Bitcoin (BTC) trading was unmoved at the Oct. 10 Wall Street open as one trader predicted it would take until Oct. 12 for volatility to start impacting price.
A "guaranteed recipe for massive volatility"
The pair had stayed rigidly in a narrow corridor over the weekend, with only one test of $19,000 punctuating otherwise flat conditions.
With the week tipped to provide serious fuel for a potential volatility breakout, Michaël van de Poppe, founder and CEO of trading firm Eight, suggested that traders may get another 48 hours’ grace.

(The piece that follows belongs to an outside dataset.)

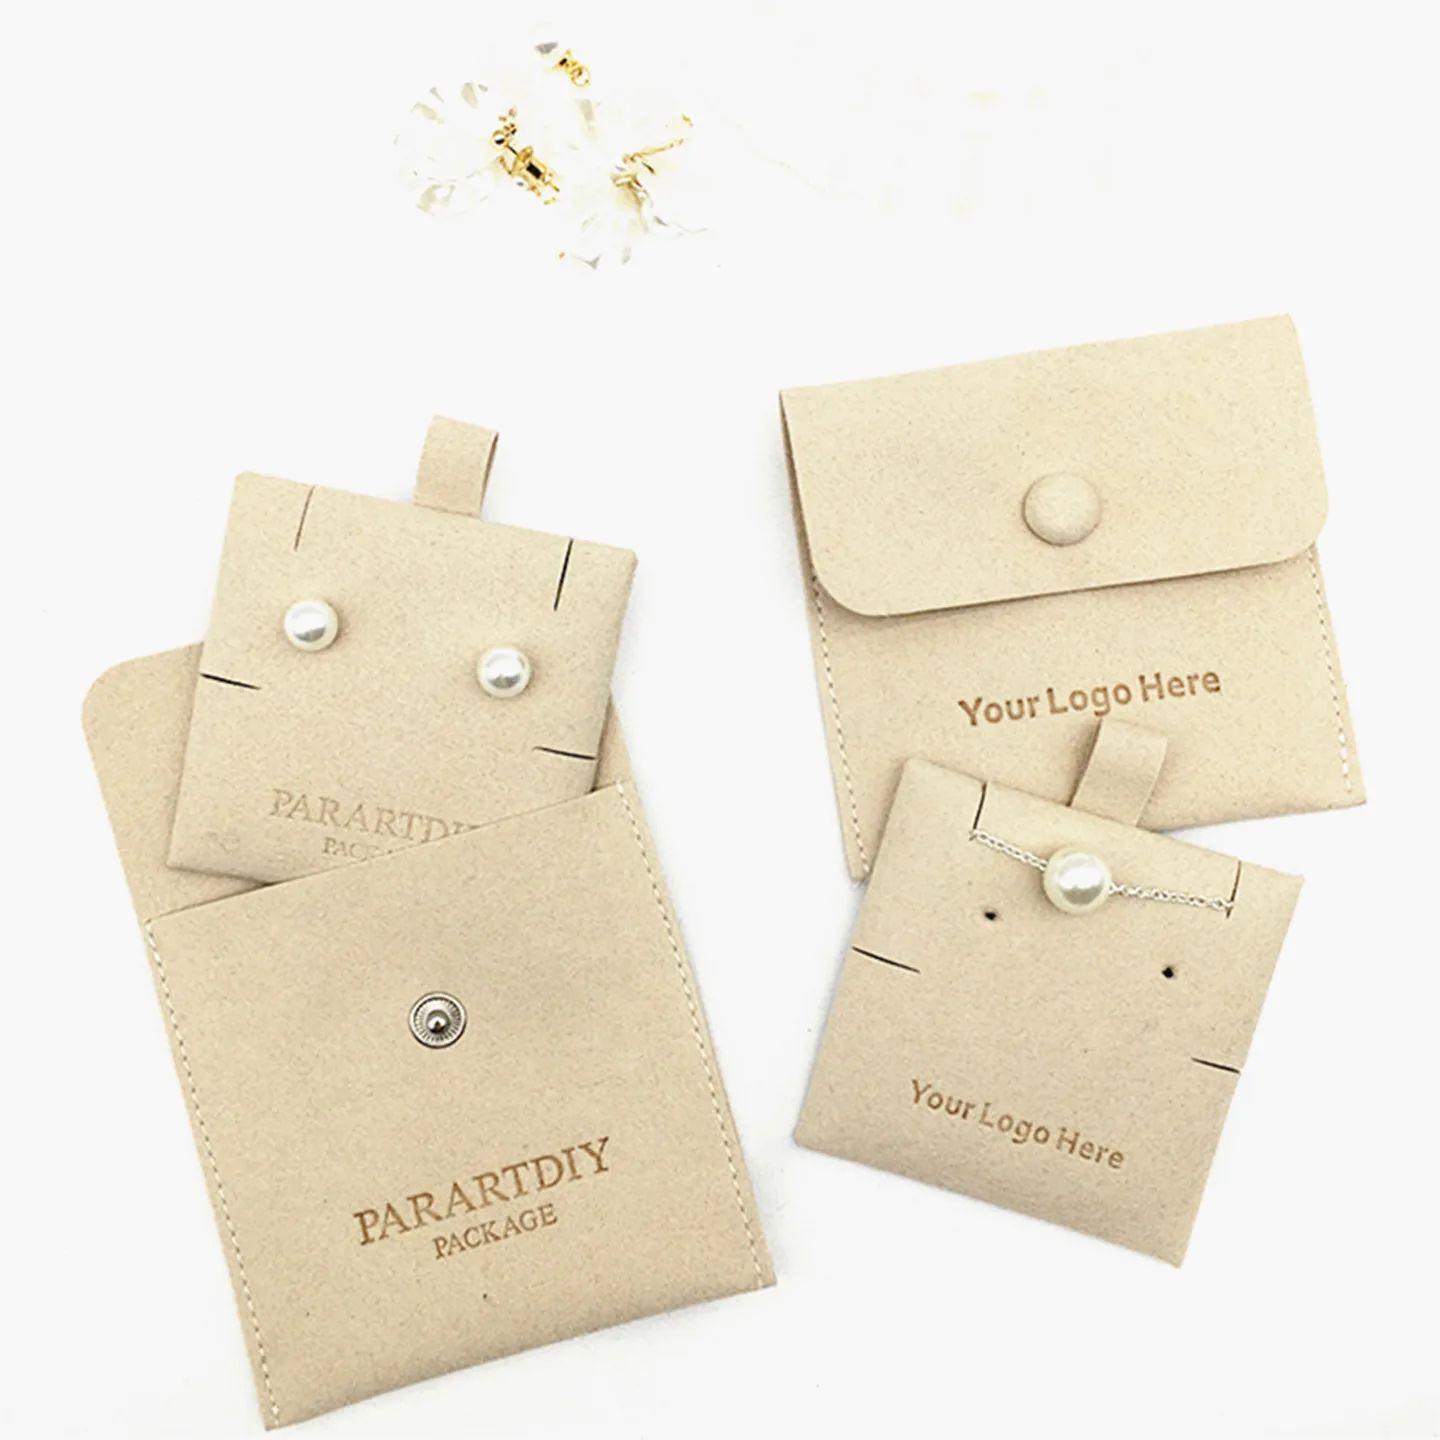 500 pieces of ivory color bulk per sonalized jewelry packaging bag necklace clip custom logo envelope bag jewelry bag microfiber

“Most likely markets will remain unchanged until we'll get all the economic data in on Wednesday and Thursday,” he summarized on the day.
Van de Poppe nonetheless reiterated that when it comes, the move on Bitcoin should be “very big.” He referenced the Bitcoin historical volatility index (BVOL), currently at rare lows seen only a handful of times before.
“Historically, that's a guaranteed recipe for massive volatility,” he wrote in part of an explanatory tweet.
Oct. 13 was analysts’ overall red letter day of the week, meanwhile, with theConsumer Price Index (CPI) print for September due in the United States.
U.S. equities were broadly quiet at the time of writing, the S&P 500 down 0.6% and Nasdaq Composite Index down 1.1%.
Continuing, on-chain analytics resource Material Indicators said that macro data would spark knock-on moves for both volatility and market participation.
“Earnings, CPI, Jobless and Retail Sales reports are going to fuel an increase in both of these crypto market metrics,” it tweeted on the day.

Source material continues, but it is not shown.